残りの二人も近くに座っており、エレクさんは笑顔でこちらに軽く手を振っている。ラウニさんは相変わらずの無言だ。
「おはようございます。今日で最後になりますけど、頑張りますんでよろしくお願いします」
そう言って会釈をする俺に、ジグガンドさんが近寄ってきて肩をバンバン叩く。
「おう、よろしくな! 今日は最後だからちょっと特別な場所まで連れてって言ってやるから、楽しみにしておけよ」
「は、はぁ……特別、ですか?」
叩かれた肩の痛みに顔をしかめながらも、迷宮の特別な場所という単語に興味を惹かれた俺は、ジグガンドさんに聞き返した。

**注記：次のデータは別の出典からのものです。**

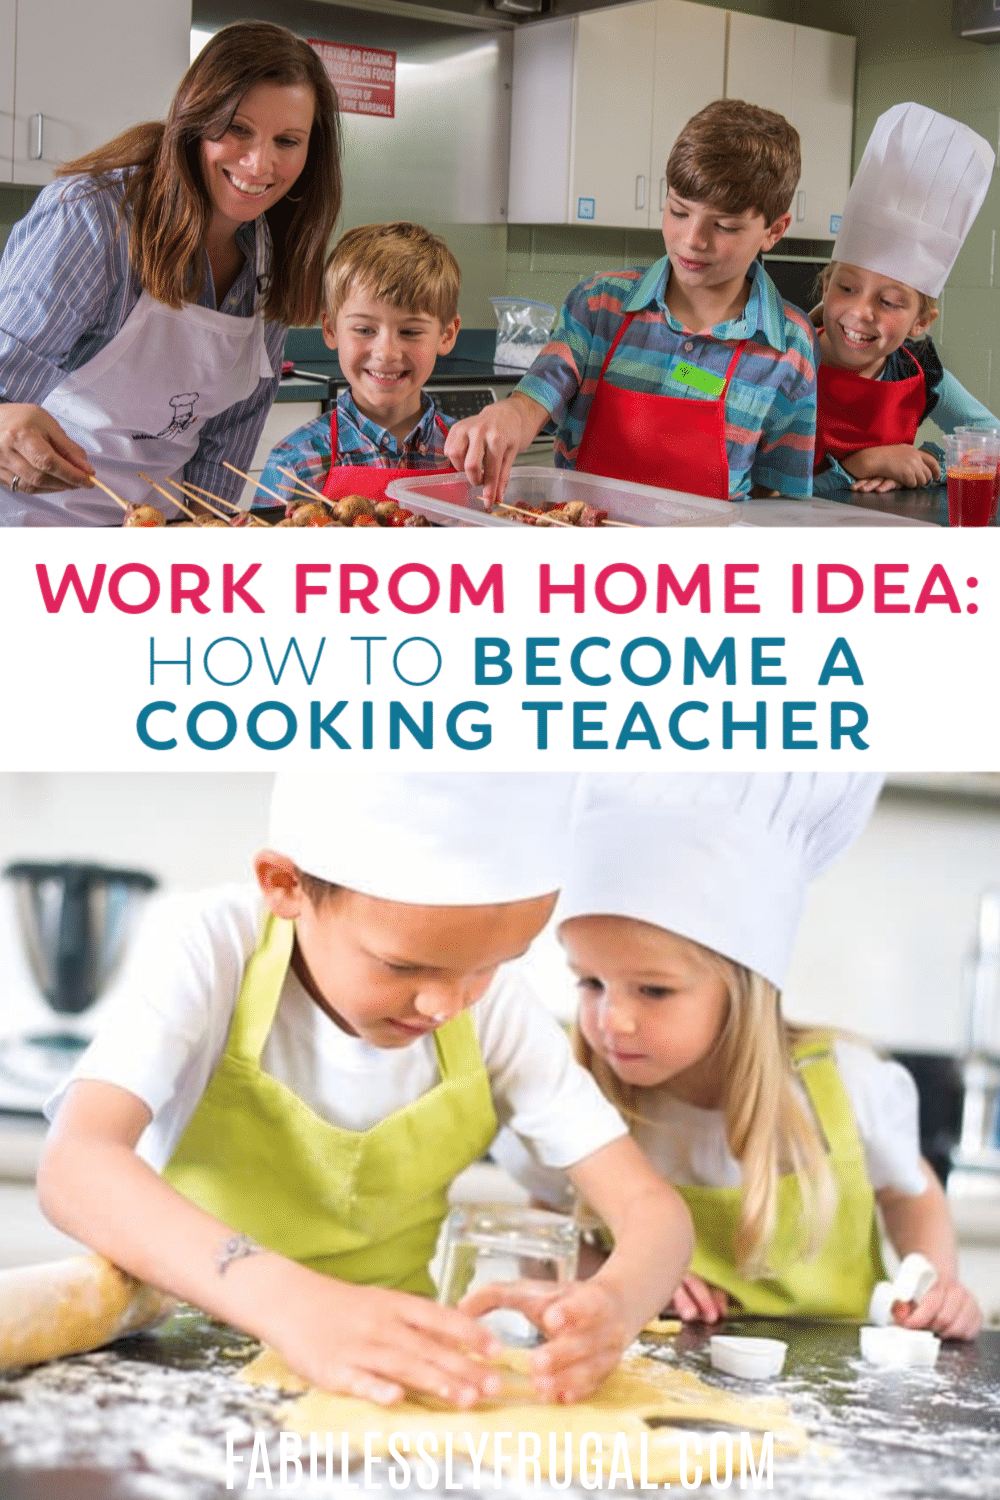 How to become a cooking teacher and make money from home

「そうよ~、私もアレを最初に見たときはすっごく感動したんだから! なんてったって……」
「お、おい、マイア! それは到着するまで秘密にするってことだったろ!」
ジグガンドさんからツッコミを入れられたマイアさんは、アハハと笑って誤魔化したあと俺に謝ってきた。
「ごめんごめん。シーナちゃん、到着するまで秘密なんだけど……でも、期待していいからね!」
「はい、それじゃあ後の楽しみにしておきますね」
そんなやり取りをしている俺たちに、エレクさんが自分の荷物を担ぎ直して話しかけてくる。

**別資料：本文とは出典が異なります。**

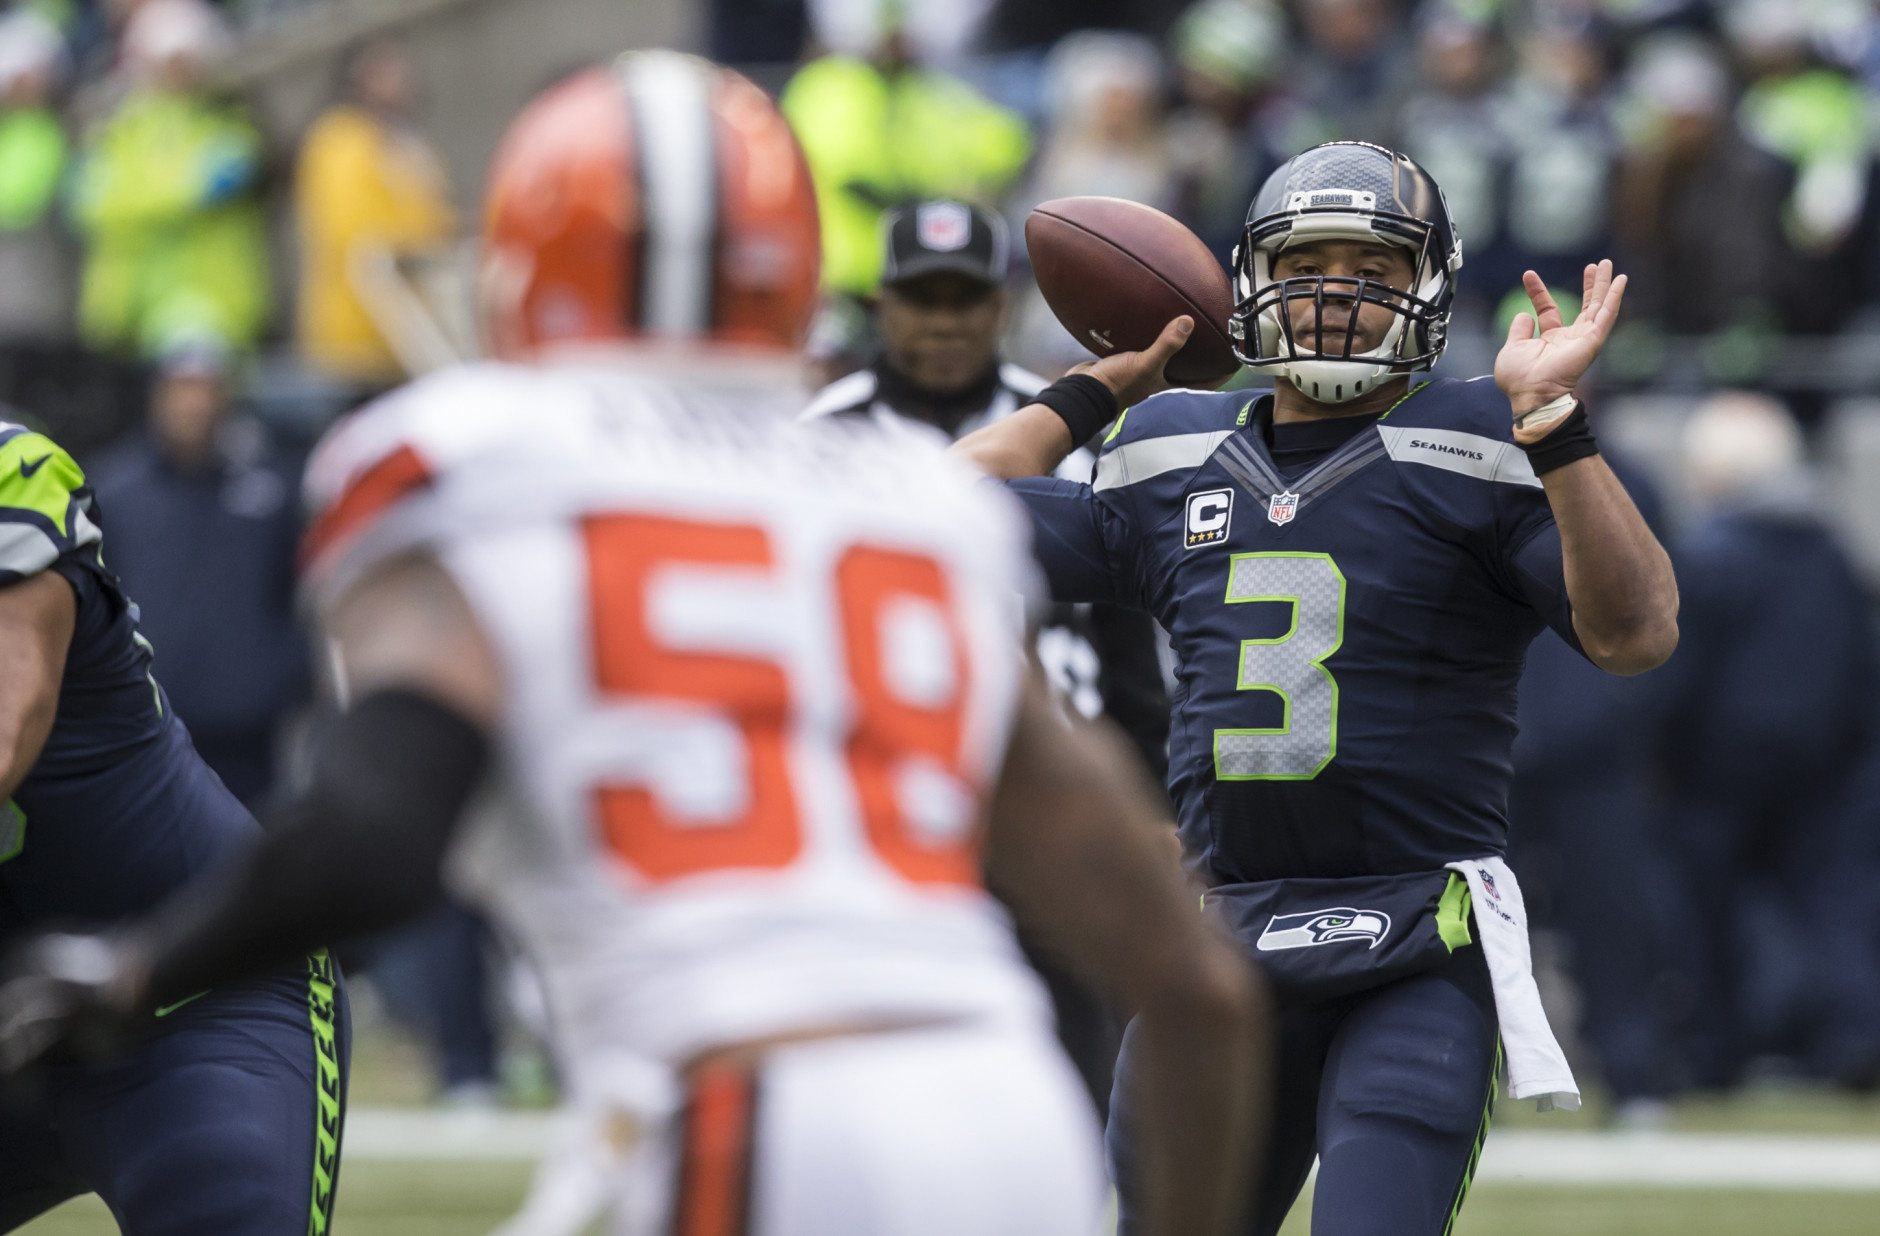 SEATTLE, WA - DECEMBER 20: Quarterback Russell Wilson #3 of the Seattle Seahawks passes the ball during the first half of a football game against the Cleveland Browns at CenturyLink Field on December 20, 2015 in Seattle, Washington. (Photo by Stephen Brashear/Getty Images)

「おい、今日は移動に時間がかかるんだから早く行こうや! お前ら二人はいつも、そういう計画は立てるくせに、計画性ってもんが無いんだからよ~」
「わ、わかってるわよ! ほら、出発しましょう」
「おう」「はい」
エリクさんに急かされたマイアさんの号令で、俺たちリゼルタの旋風+1のPTは、今日も元気に塔の迷宮の中へと入って行くのだった。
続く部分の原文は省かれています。